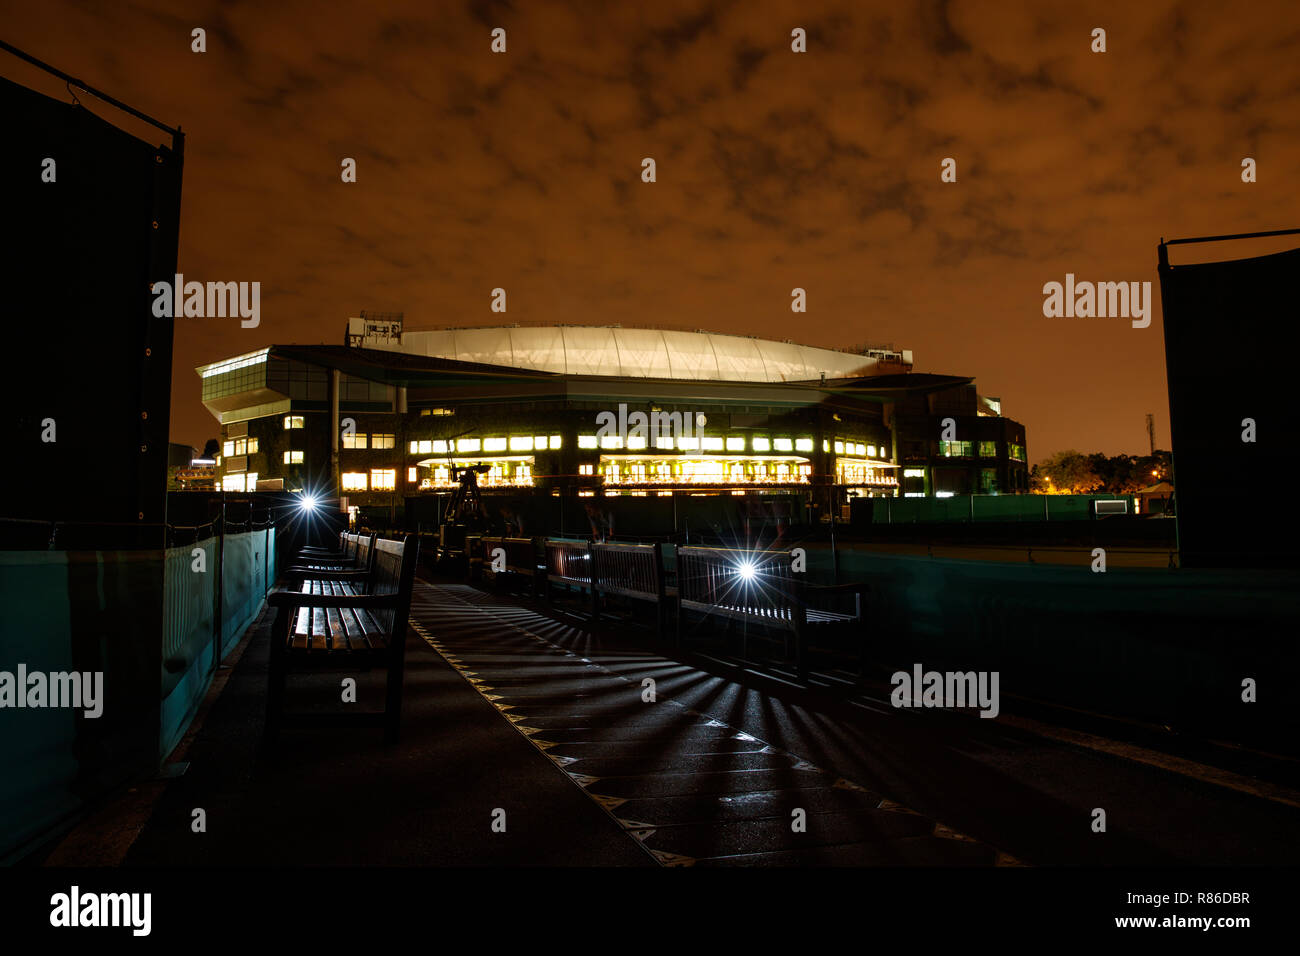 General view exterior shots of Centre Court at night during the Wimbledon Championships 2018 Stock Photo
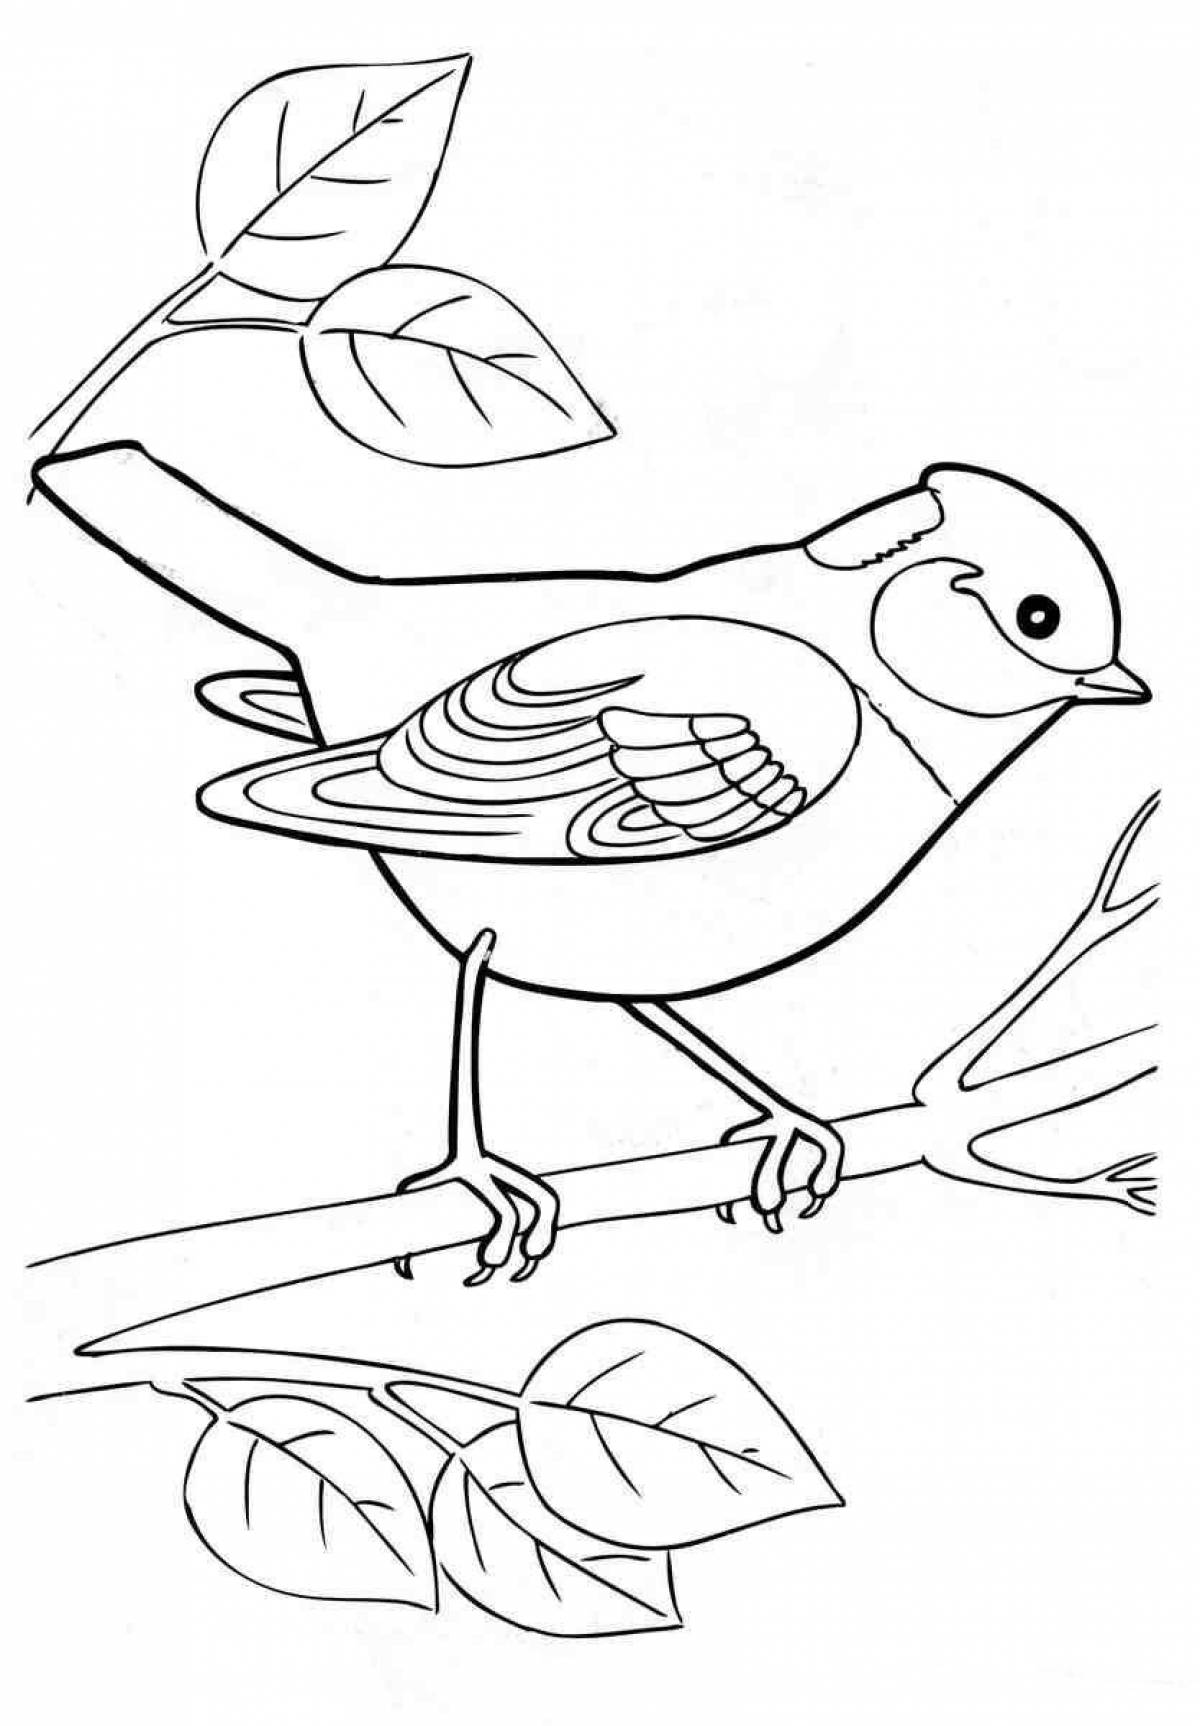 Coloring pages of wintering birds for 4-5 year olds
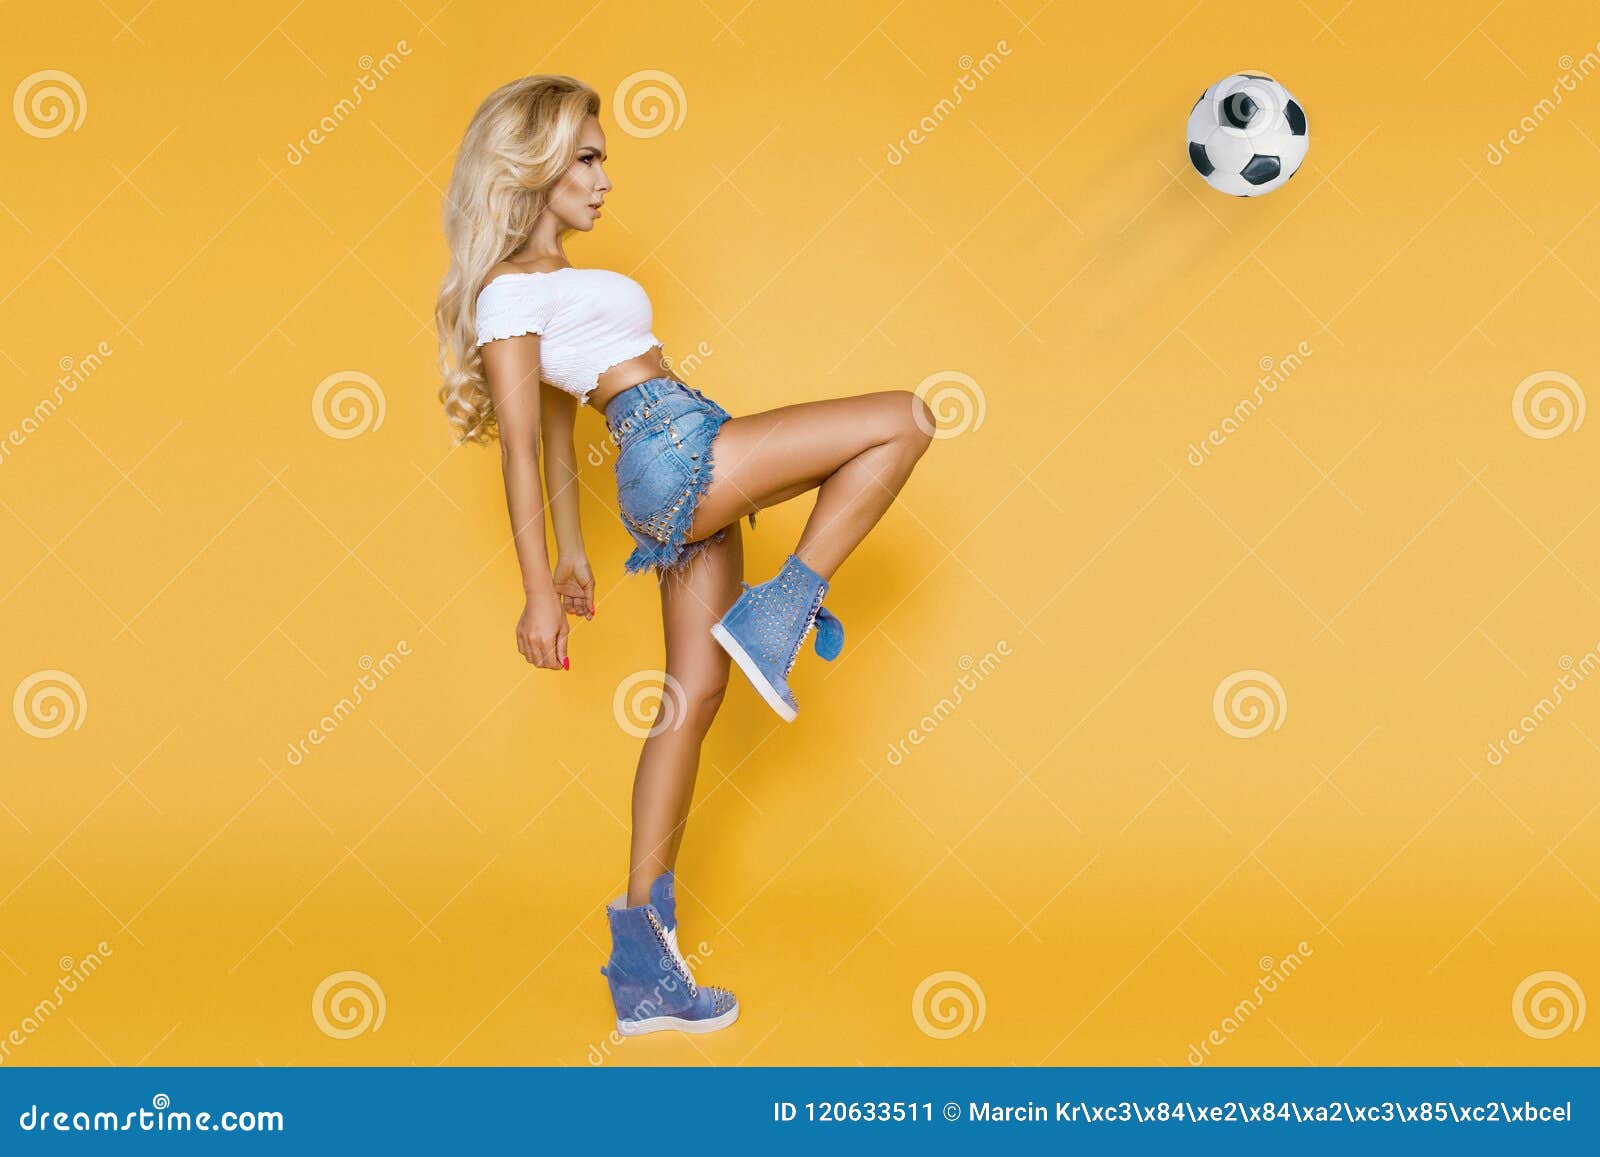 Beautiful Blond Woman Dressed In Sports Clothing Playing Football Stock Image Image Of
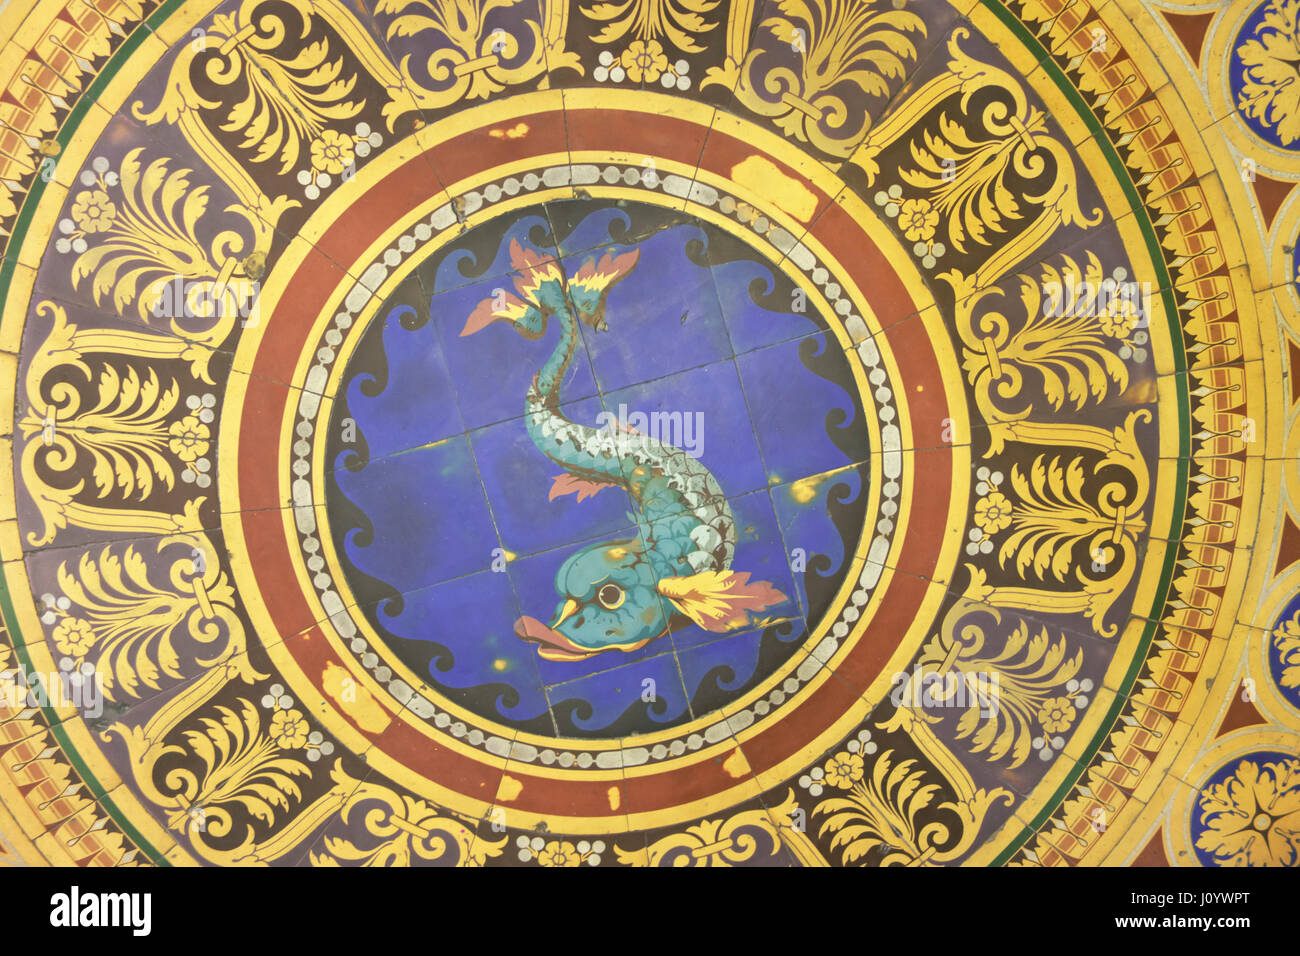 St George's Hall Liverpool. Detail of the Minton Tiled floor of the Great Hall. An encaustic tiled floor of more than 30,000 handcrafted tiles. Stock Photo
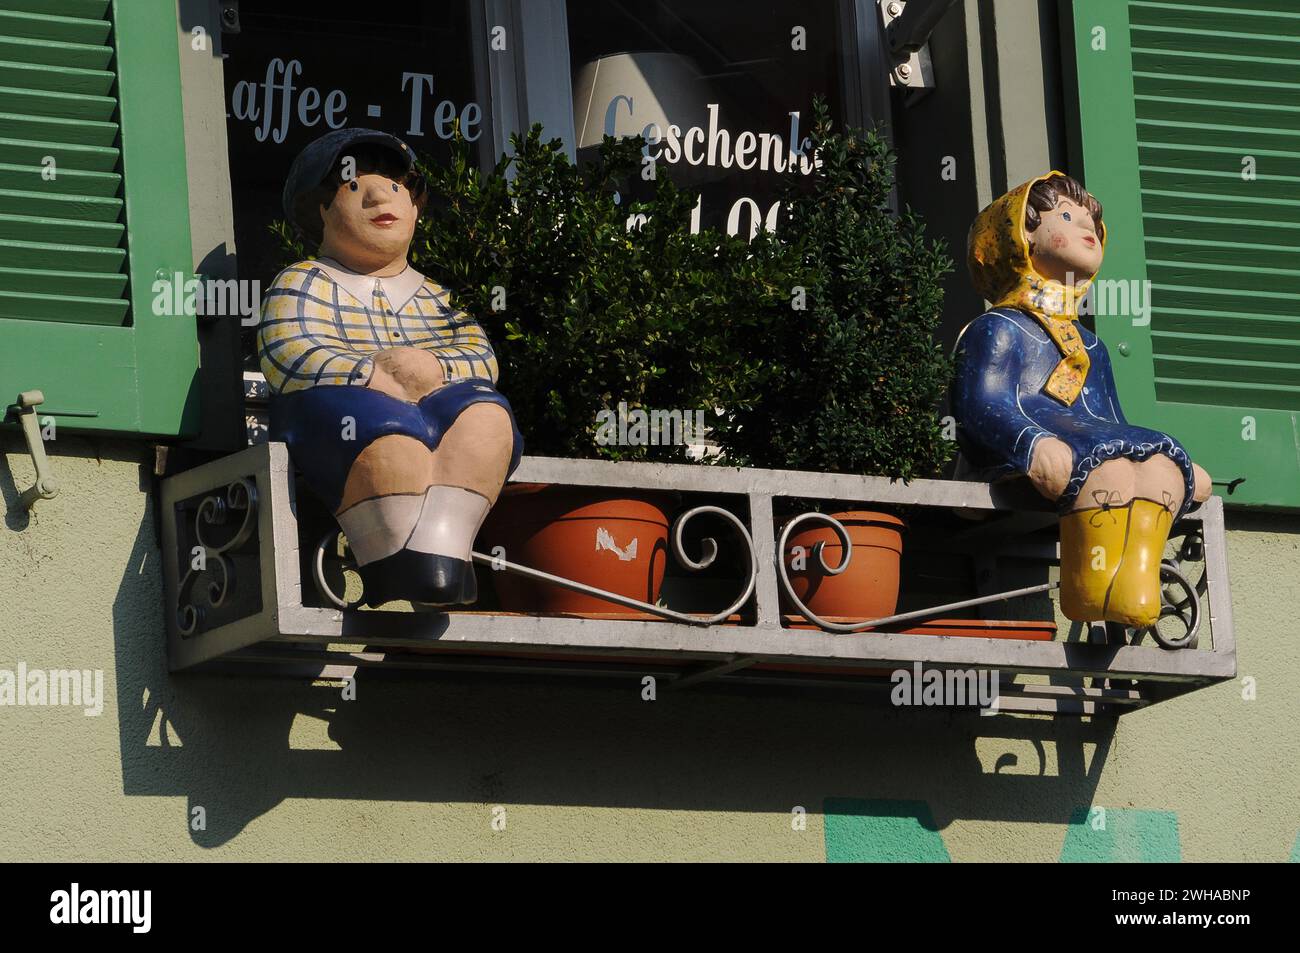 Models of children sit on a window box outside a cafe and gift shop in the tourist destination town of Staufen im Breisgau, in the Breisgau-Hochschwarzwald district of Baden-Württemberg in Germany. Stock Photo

####################

# What needs to be done
All lines from the one containing "St George's Hall" through the end of the entries, both ends included, should be written out exactly, with no pictures.

# Answer to this problem
 St George's Hall Liverpool. Detail of the Minton Tiled floor of the Great Hall. An encaustic tiled floor of more than 30,000 handcrafted tiles. Stock Photo
 Models of children sit on a window box outside a cafe and gift shop in the tourist destination town of Staufen im Breisgau, in the Breisgau-Hochschwarzwald district of Baden-Württemberg in Germany. Stock Photo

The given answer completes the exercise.